💻 Usage¶

Inference usage¶

Prepare Data¶

Accelerated preparation (recommended, default)¶

This method uses precompiled C++ binary for accelerating the preprocessing step.

dorado basecaller --reference <ref_fasta> --min-qscore 0 --emit-moves rna004_130bps_sup@v5.0.0 <pod5_dir> \
| tee >(samtools sort -@ <threads> -O BAM -o <bam_path> - && samtools index -@ <threads> <bam_path>) \
| deeprm call prep -p <pod5_dir> -b - -o <prep_dir>

If Dorado fails due to “illegal memory access”, try adding --chunksize <chunk_size> option (e.g., chunk_size=12000).
If the precompiled binary does not work on your system, please refer to the advanced-installation page for detailed build instructions.
Adjust the -g (--filter-flag) parameter according to your needs. If using a genomic reference, you may want to use -g 260.

Sequential preparation¶

This method is slower than the accelerated preparation method, but is supported for cases such as:
- The POD5 files are already basecalled to BAM files with move tags.
- You want to run basecalling and preprocessing in separate machines.
Basecall the POD5 files to BAM files with move tags (skip if already done):
- If Dorado fails due to “illegal memory access”, try adding --chunksize <chunk_size> option (e.g., chunk_size=12000).

dorado basecaller --reference <reference_path> --min-qscore 0 --emit-moves rna004_130bps_sup@v5.0.0 <pod5_dir> > <raw_bam_path>"

Filter, sort, and index the BAM files:
- Adjust the -F parameter according to your needs. If using a genomic reference, you may want to use -F 260.

samtools view -@ <threads> -bh -F 276 -o <bam_path> <raw_bam_path>
samtools sort -@ <threads> -o <bam_path> <bam_path>
samtools index -@ <threads> <bam_path>

To preprocess the inference data (transcriptome), run the following command:

deeprm call prep -p <input_POD5_dir> -b <bam_path> -o <prep_dir>

This will create the npz files for inference.

Run Inference¶

The trained DeepRM model file is attached in the repository: weight/deeprm_weights.pt.
For inference, run the following command:
- Modify the ‘-s’ (batch size) parameter according to your GPU memory capacity (default: 1000).

deeprm call run --model <model_file> --data <data_dir> --output <prediction_dir> --gpu_pool <gpu_pool>

This will create a directory with the result files.
Optionally, if you used a transcriptomic reference for alignment, you can convert the result to genomic coordinates by supplying a RefFlat/GenePred/RefGene file (--annot <annotation_file>).

Site-level BED file format¶

The output BED file follows the standard bedMethyl format. Please see https://genome.ucsc.edu/goldenpath/help/bedMethyl.html for description.
Please note that columns 14 to 18 are zero-filled for compatibility. These columns will be used for a planned future update.

Molecule-level BAM file format¶

The output BAM file contains modification information in MM and ML tags.
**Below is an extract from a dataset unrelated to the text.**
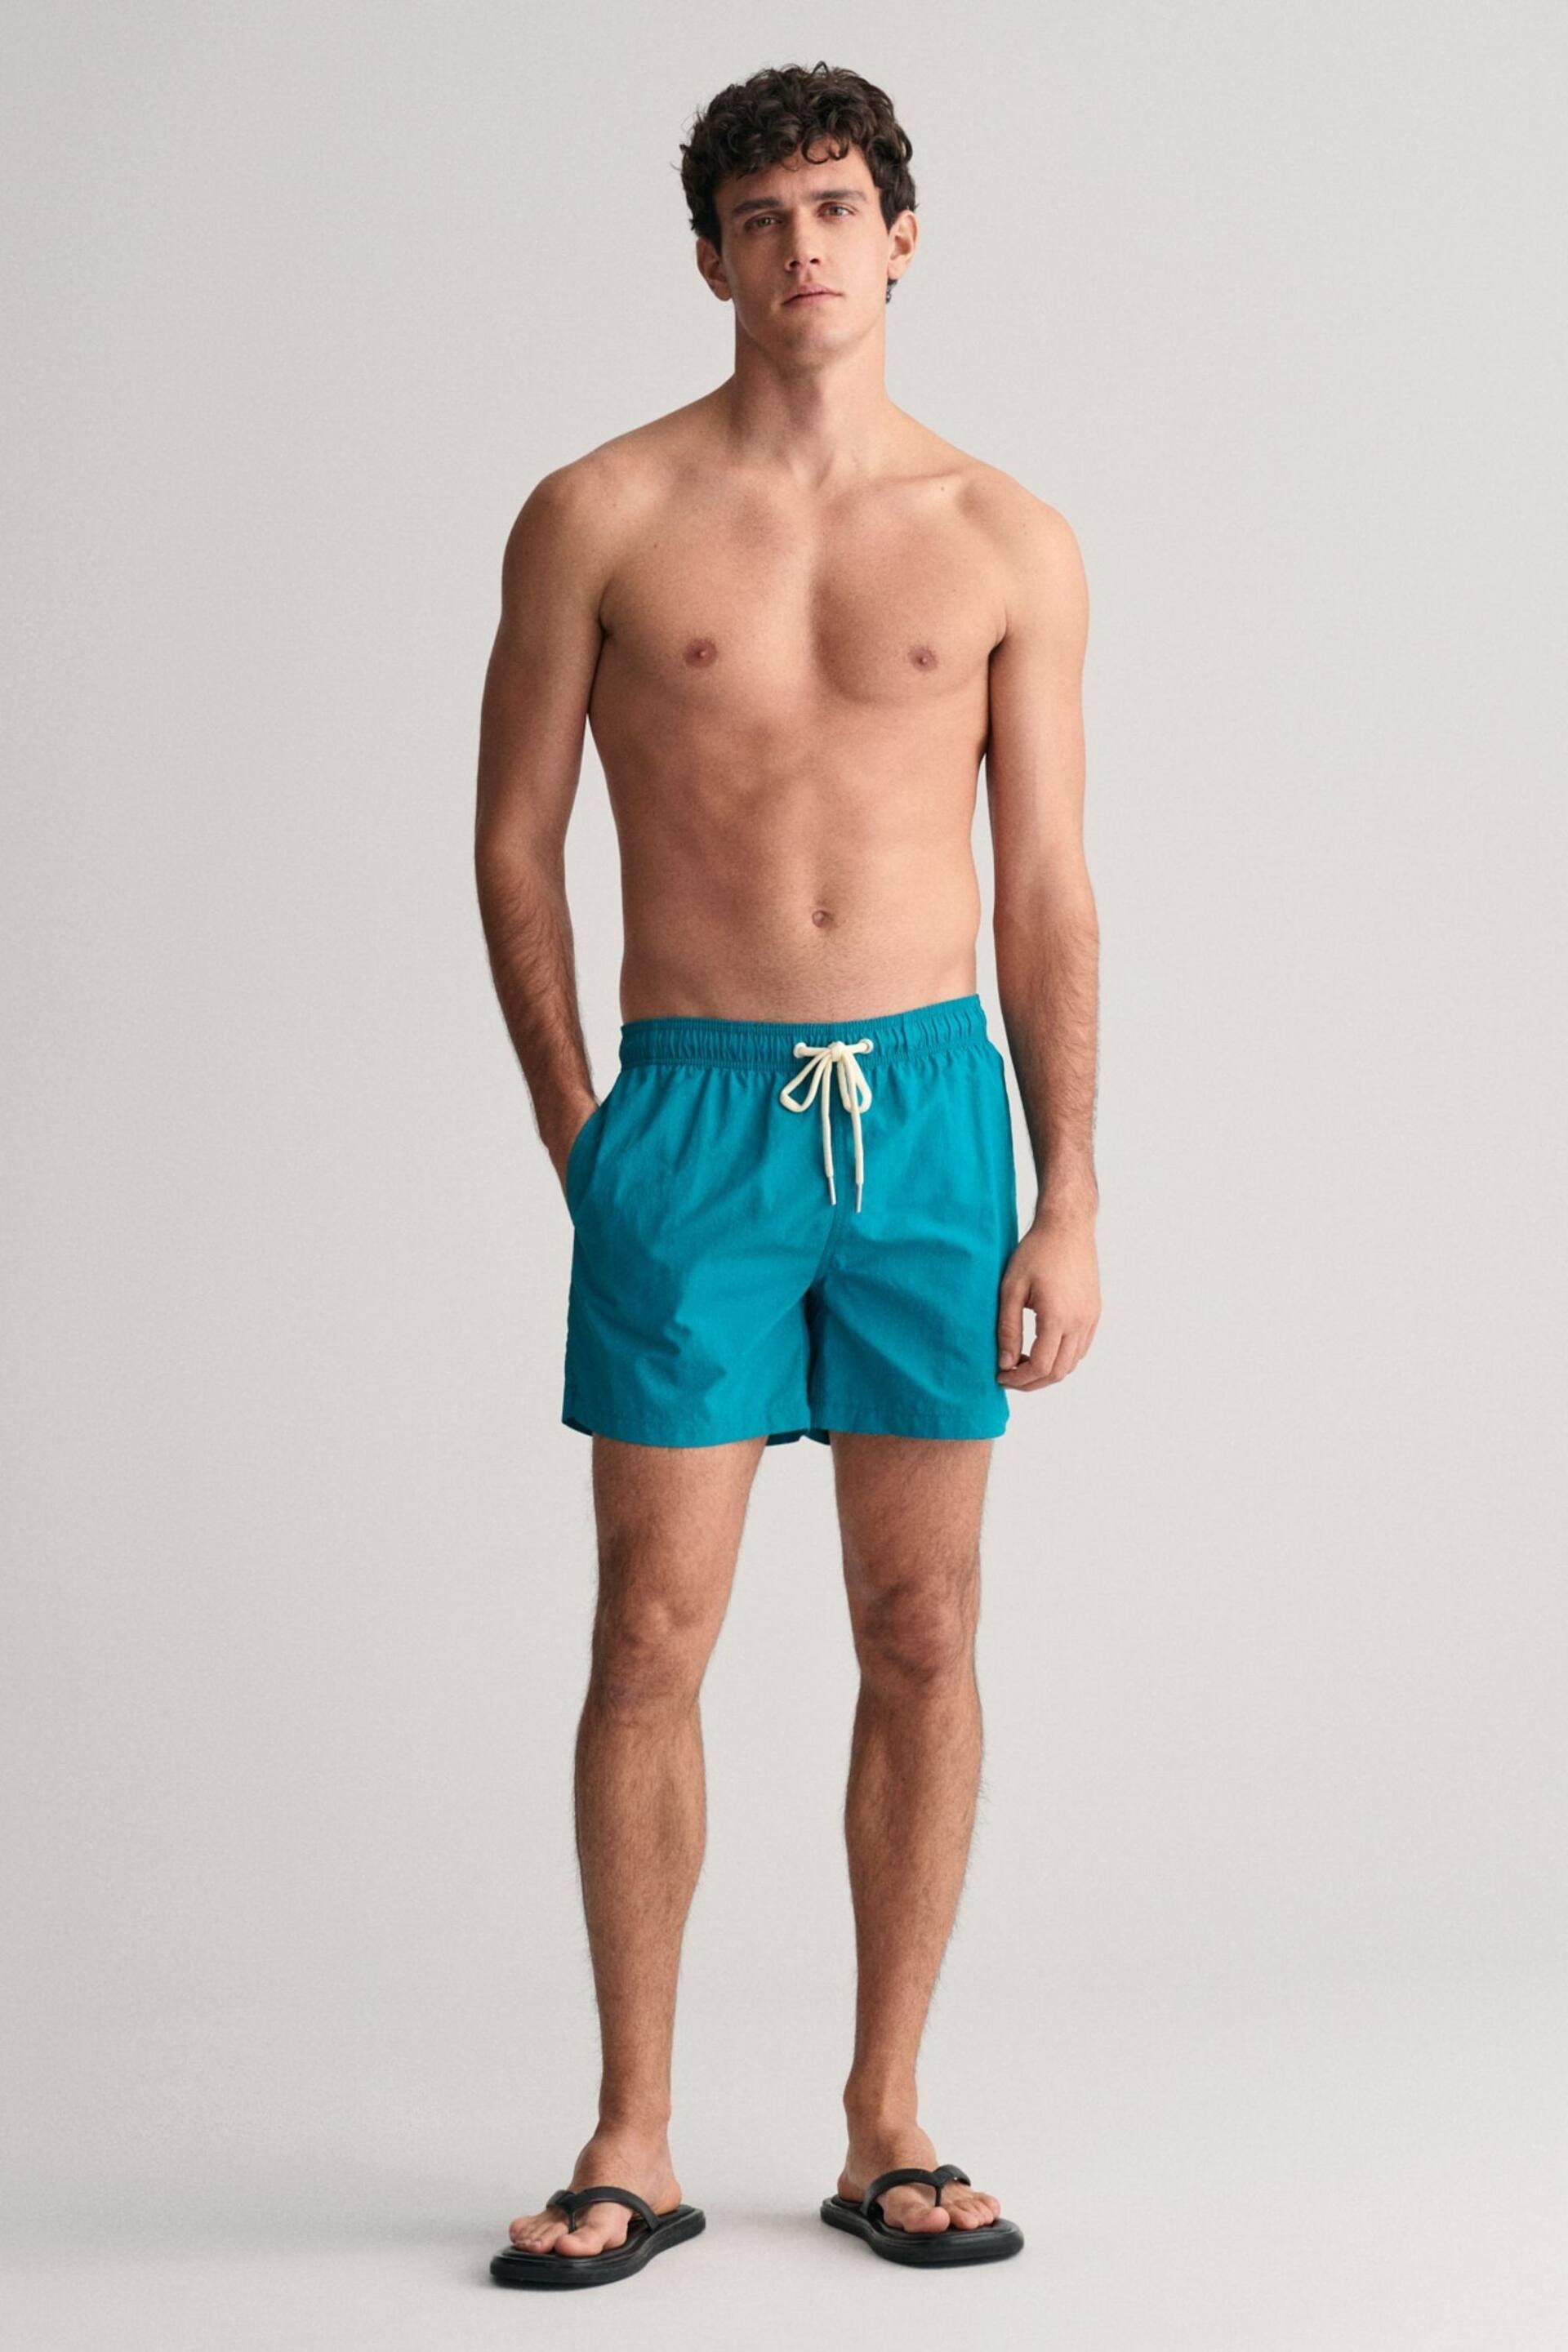 GANT Swim Shorts - Image 1 of 5

Please see https://samtools.github.io/hts-specs/SAMtags.pdf for description.

Molecule-level NPZ file format (advanced usage)¶

The output NPZ file contains the following arrays:

read_id
label_id
pred: modification score (between 0 and 1)

Read ID specification:
- The UUID4 format read ID (128 bits) is converted to two 64-bit integers for NumPy compatibility.
- You can convert the two 64-bit integers back to UUID4 using the following Python code:
```
import numpy as np
import uuid
def int_to_uuid(high, low):
    return uuid.UUID(bytes=b"".join([high.tobytes(),low.tobytes()]))
```

Label ID specification:

Label ID contains the reference, position, and strand information.
You can decode the label ID using the following Python code:

import numpy as np
def decode_label_id(label_id, label_div = 10**9):
    strand = np.sign(label_id)
    label_id_abs = np.abs(label_id) - 1
    ref_id = label_id_abs // label_div
    pos = label_id_abs % label_div
    return ref_id, pos, strand

Reference ID is extracted from the input BAM file header.

Training usage¶

Prepare Data¶

You can skip this step if your POD5 files are already basecalled to BAM files with move tags.

dorado basecaller --min-qscore 0 --emit-moves rna004_130bps_sup@v5.0.0 <pod5_dir> > <bam_path>
samtools index -@ <threads> <bam_path>

To preprocess the training data (synthetic oligonucleotide), run the following command:

deeprm train prep --input <input_POD5_dir> --output <output_file>

This will create:
- Training dataset: /block
To compile the training dataset, run the following command:

deeprm train compile --input <input_POD5_dir> --output <output_file>

This will create:
- Training dataset: /block

Run Training¶

To train the model, run the following command:

deeprm train run --model deeprm_model --data <data_dir> --output <output_dir> --gpu_pool <gpu_pool>

This will create a directory with the trained model file.